Isotropy (the opposite of anisotropy) is the property of being independent of direction. Isotropic radiation has the same intensity regardless of the direction of measurement, and an isotropic field exerts the same action regardless of how the test particle is oriented.
- Mathematics: Isotropy is also a concept in mathematics. Some manifolds are isotropic, meaning that the geometry on the manifold is the same regardless of direction. A similar concept is homogeneity. A manifold can be homogeneous without being isotropic. But if it is inhomogeneous, it is necessarily anisotropic.
- Cosmology: The Big Bang theory of the evolution of the observable universe assumes that, on large scales, space is isotropic. It also assumes that space is homogeneous.[1] These two assumptions together are part of the Cosmological Principle, and they are supported by investigations probing the large-scale structure of the universe and analyses of the cosmic microwave background radiation.
- Cell biology: If the properties of the cell wall are more or less the same everywhere, it is said to be isotropic. The interior of the cell is anisotropic due to intracellular organelles.
- Radio broadcasting: In radio, an isotropic antenna is an idealized "radiating element" used as a reference; an antenna that broadcasts power equally (calculated by the Poynting vector) in all directions.
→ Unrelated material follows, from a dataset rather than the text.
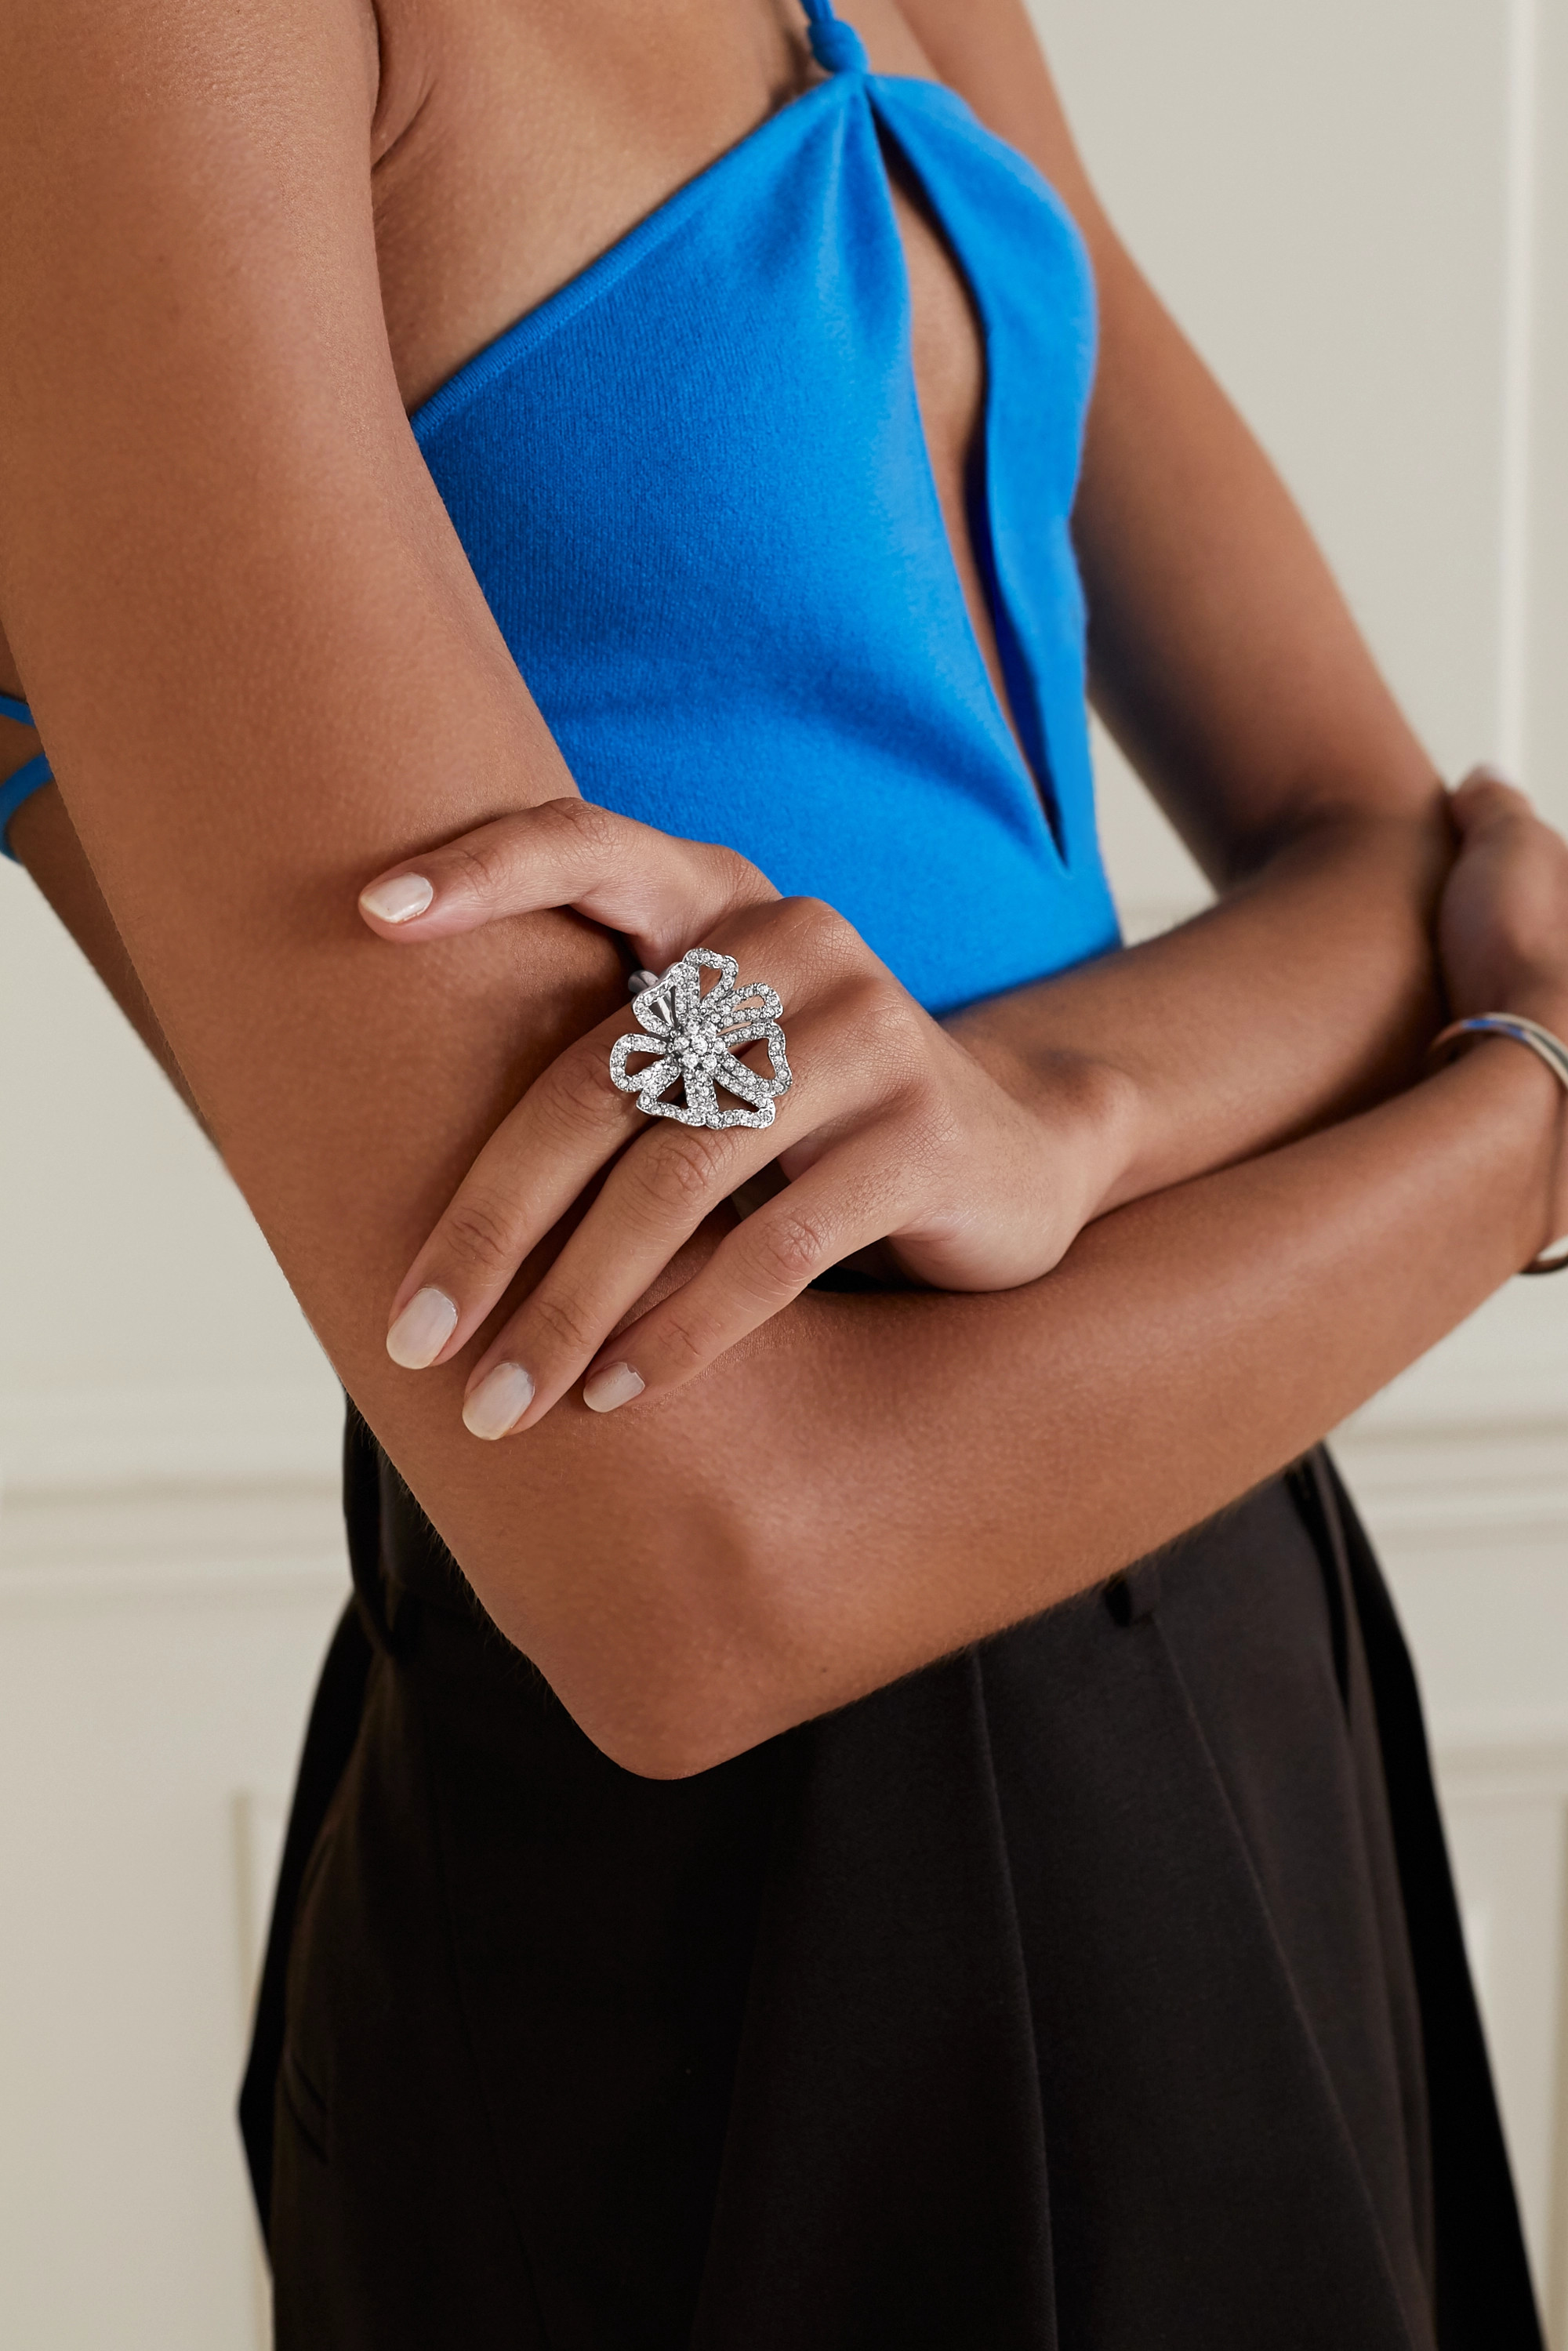 Oscar de la Renta Silberfarbener Ring mit Kristallen

In practice, an isotropic antenna cannot exist, as equal radiation in all directions would be a violation of the Helmholtz wave equation. The gain of an arbitrary antenna is usually reported in decibels relative to an isotropic antenna, and is expressed as dBi or dB(i).
- Physiology: In skeletal muscle cells (or muscle fibers), the term "isotropic" refers to the light bands (I bands) that contribute to the striated pattern of the cells.
- Materials: In the study of mechanical properties of materials, "isotropic" means having identical values of a property in all crystallographic directions.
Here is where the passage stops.